Make an exact copy of the data below, leaving out every picture.

(Beginning of Supplied material)

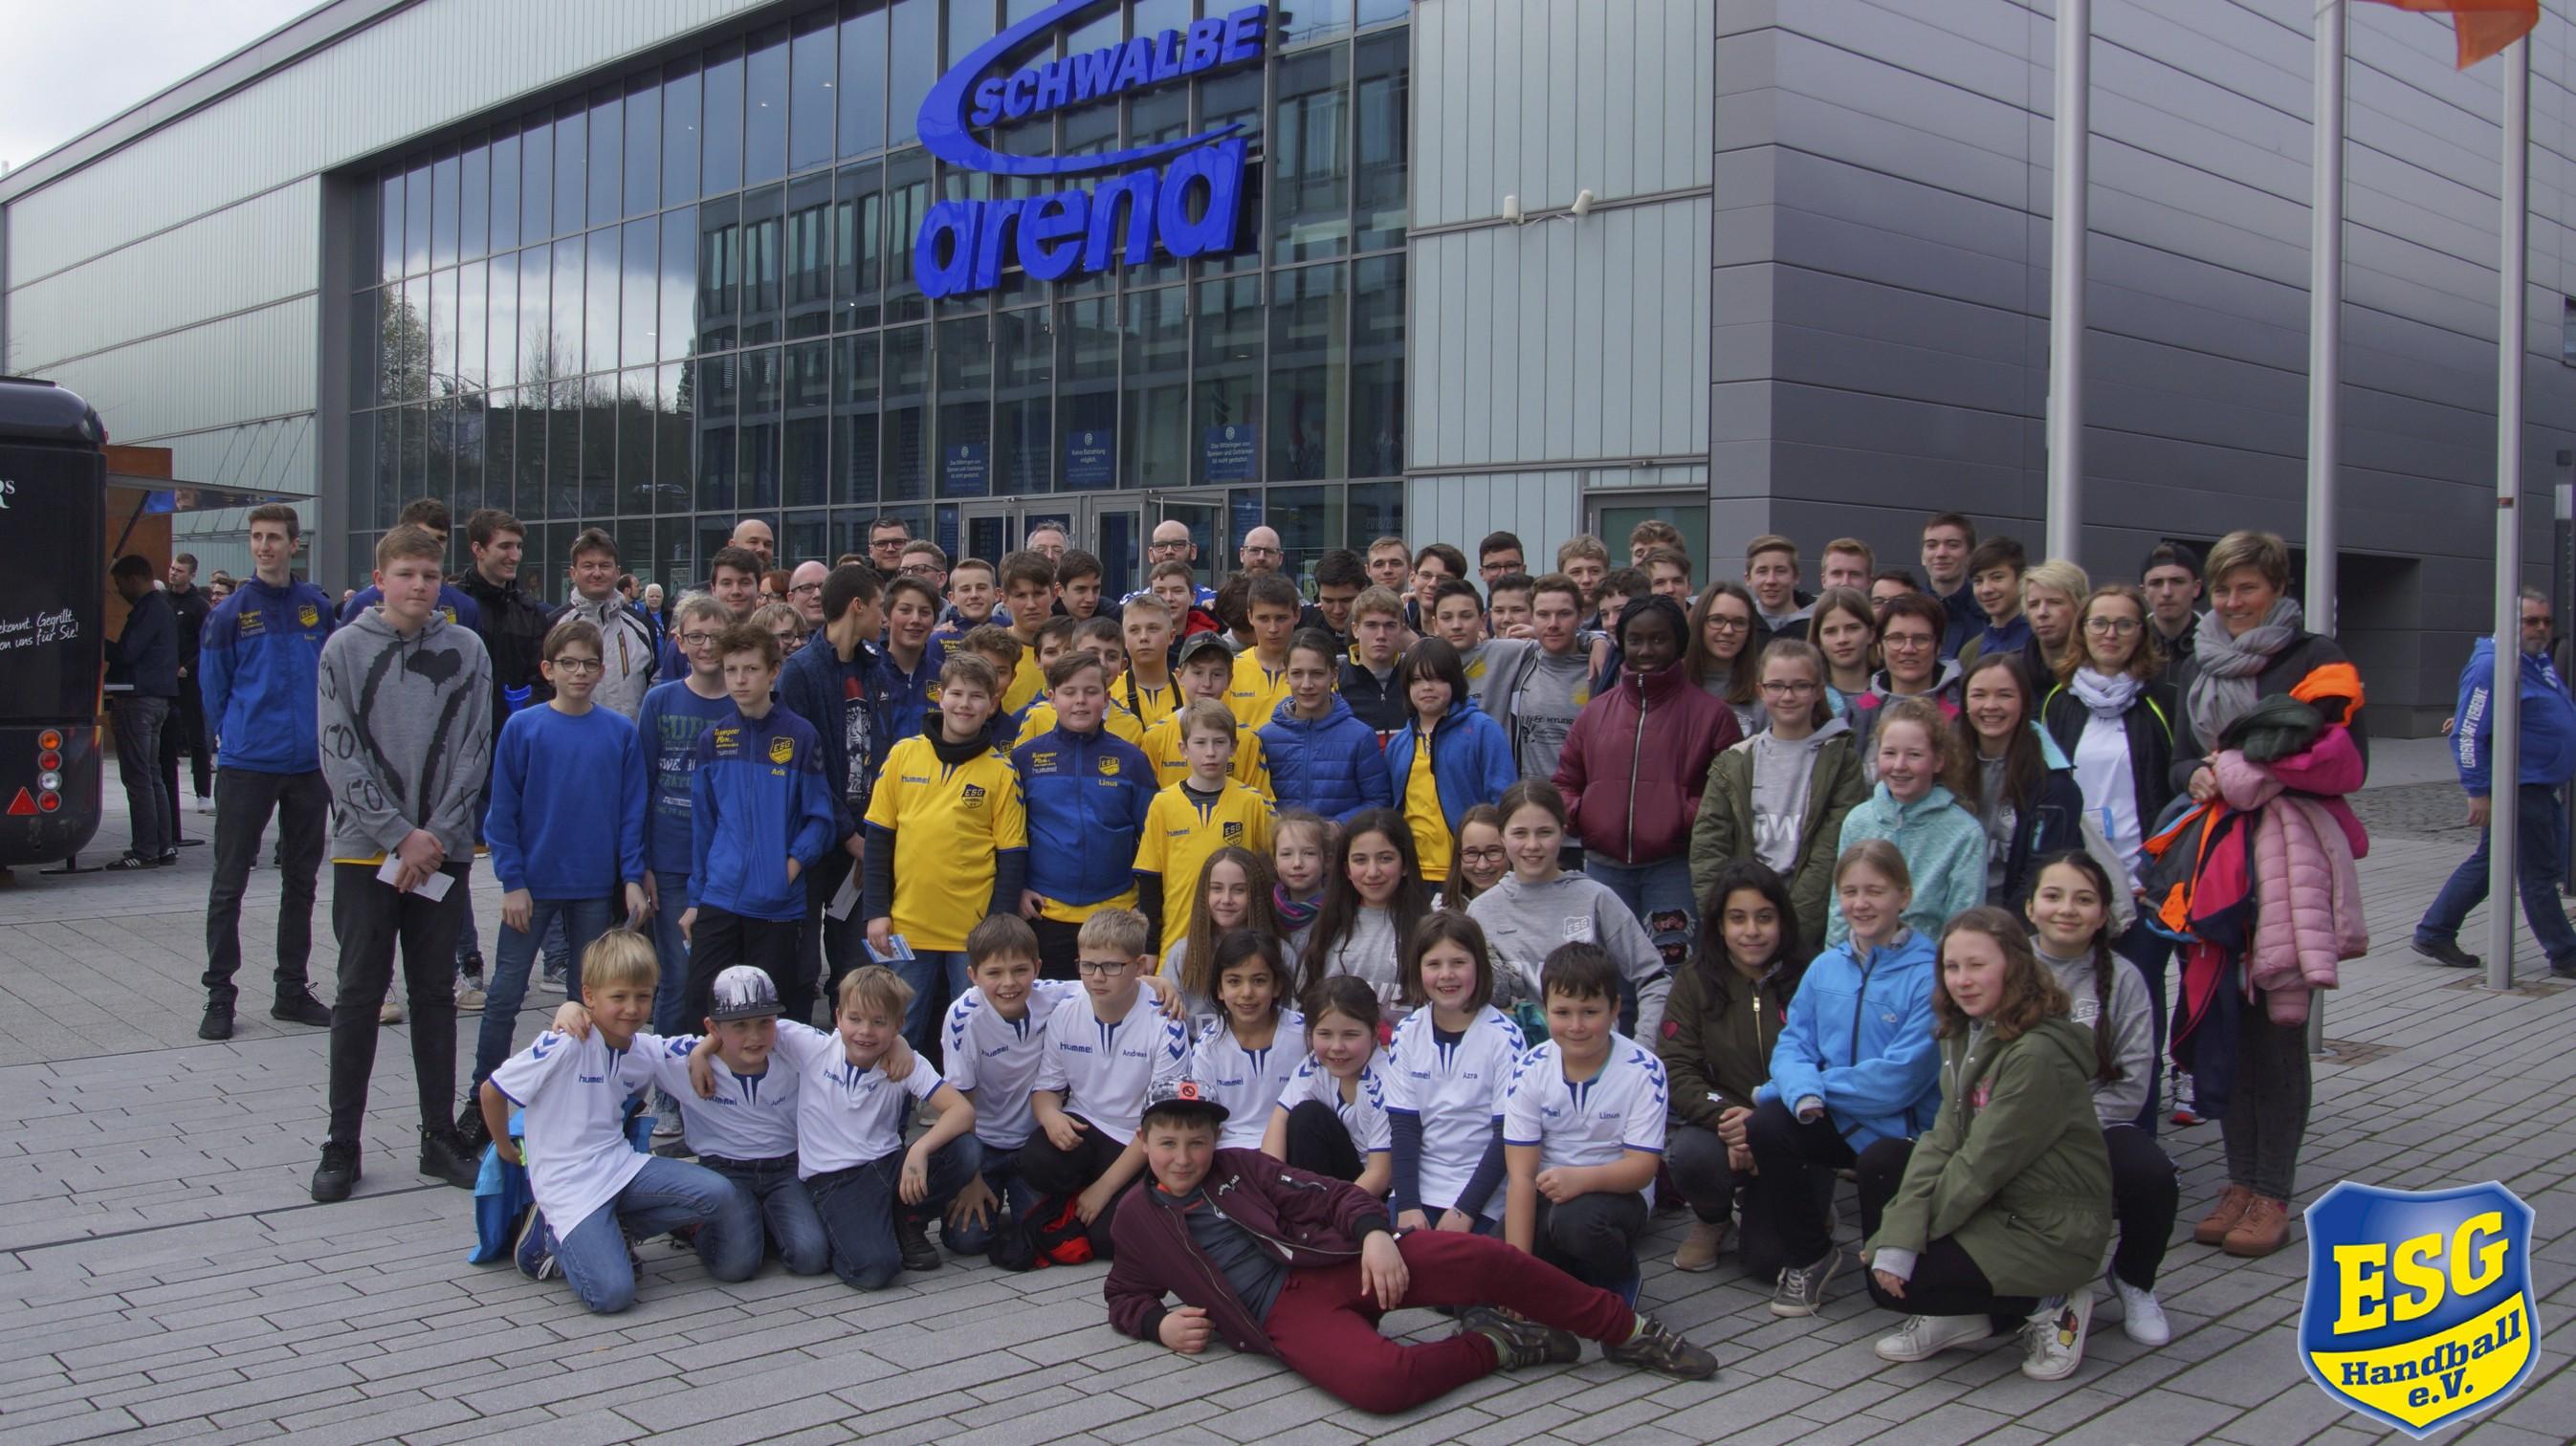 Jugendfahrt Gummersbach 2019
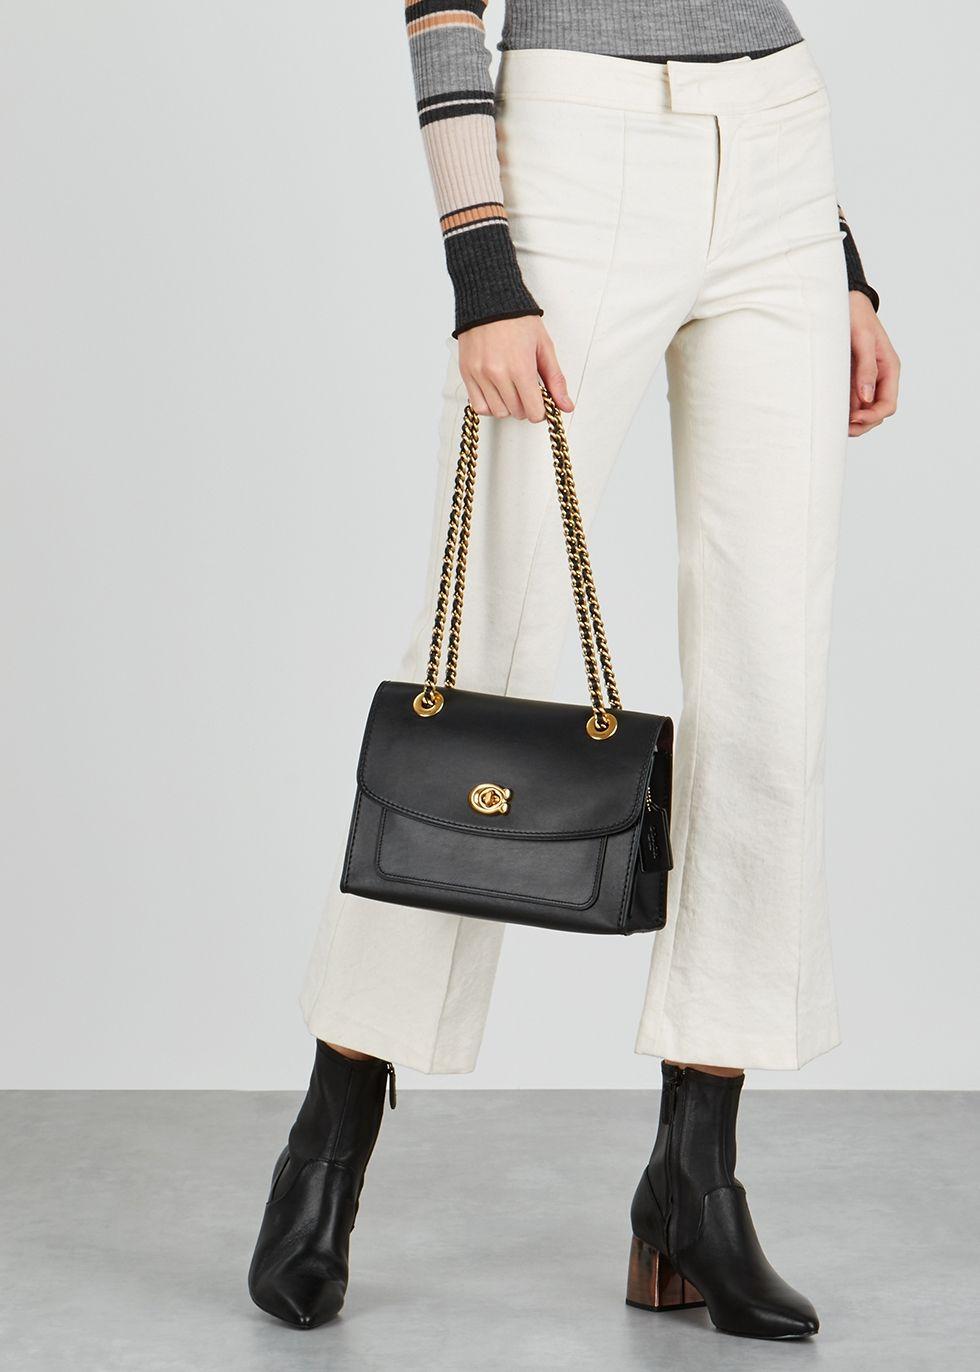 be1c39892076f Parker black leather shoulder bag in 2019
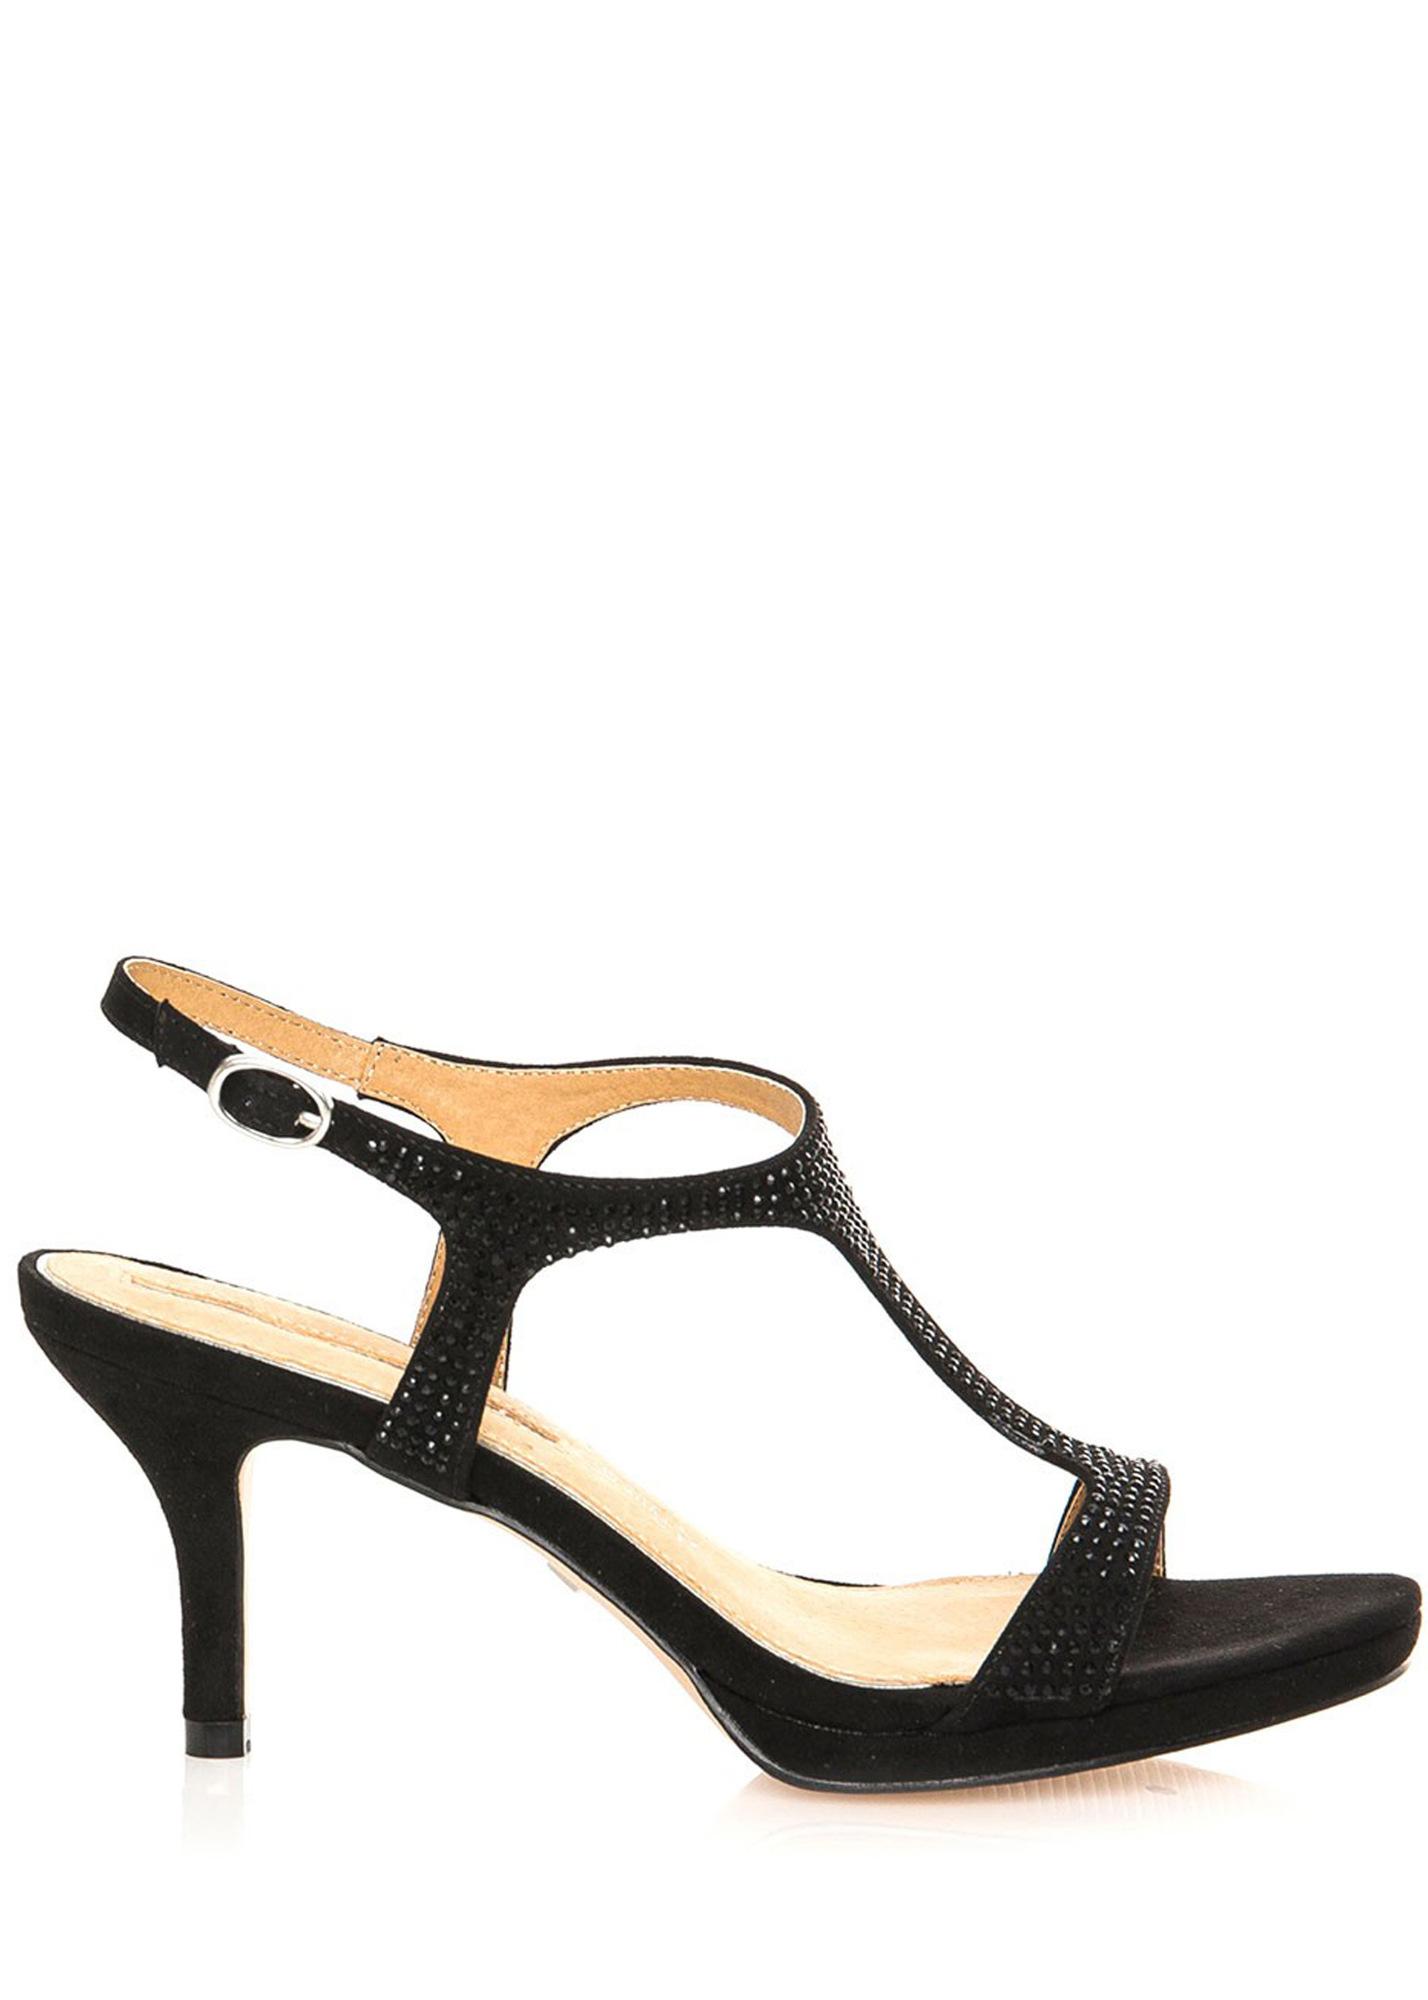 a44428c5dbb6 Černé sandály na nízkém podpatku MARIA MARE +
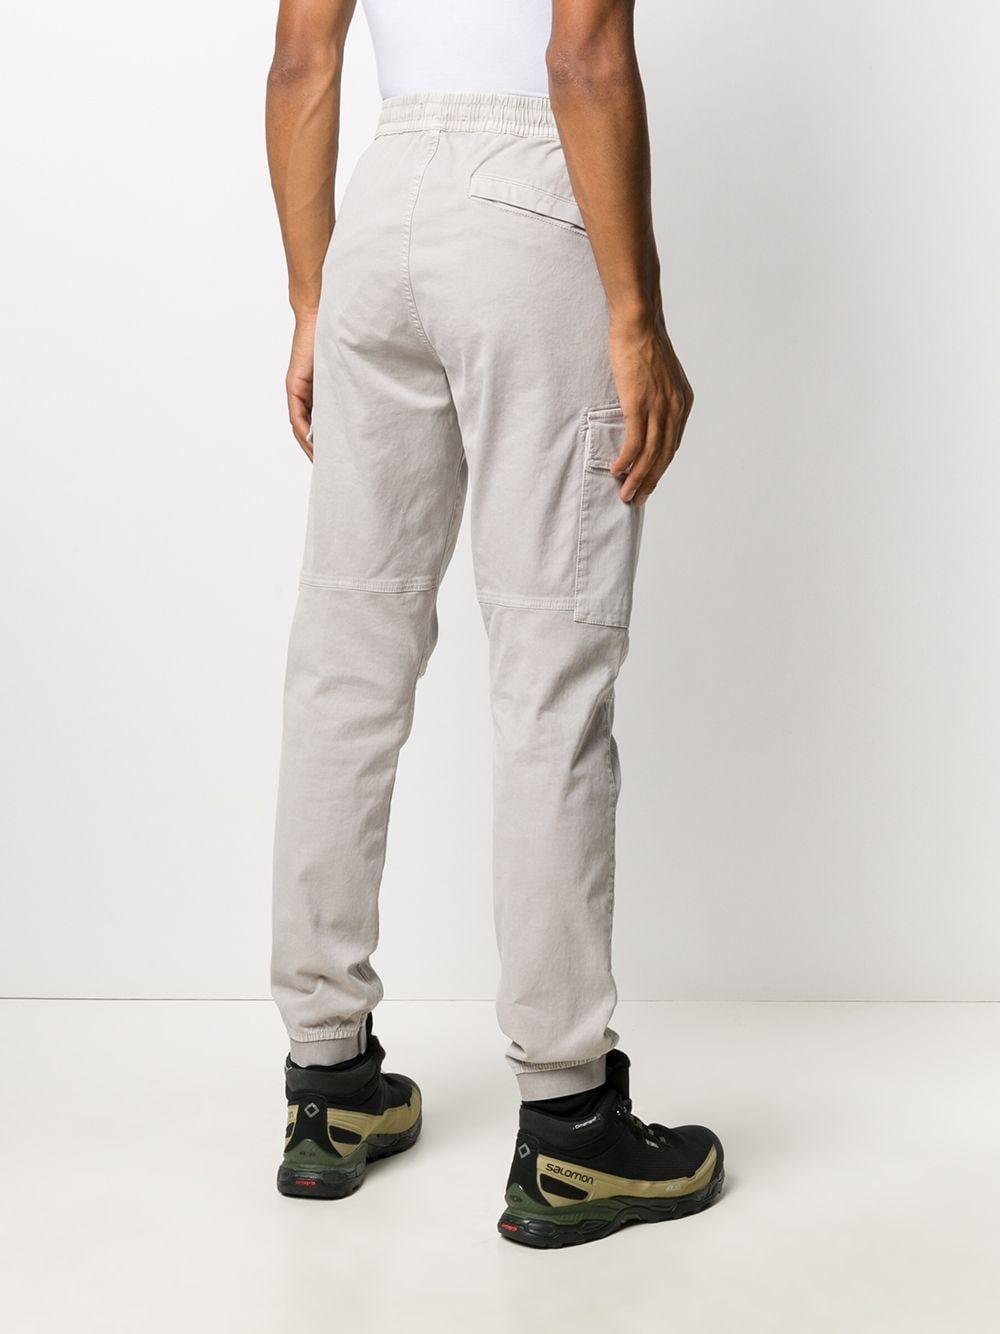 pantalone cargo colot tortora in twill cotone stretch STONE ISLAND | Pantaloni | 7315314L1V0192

(End of Supplied material)

- **Expected answer**
 Jugendfahrt Gummersbach 2019
 be1c39892076f Parker black leather shoulder bag in 2019
 a44428c5dbb6 Černé sandály na nízkém podpatku MARIA MARE +
 pantalone cargo colot tortora in twill cotone stretch STONE ISLAND | Pantaloni | 7315314L1V0192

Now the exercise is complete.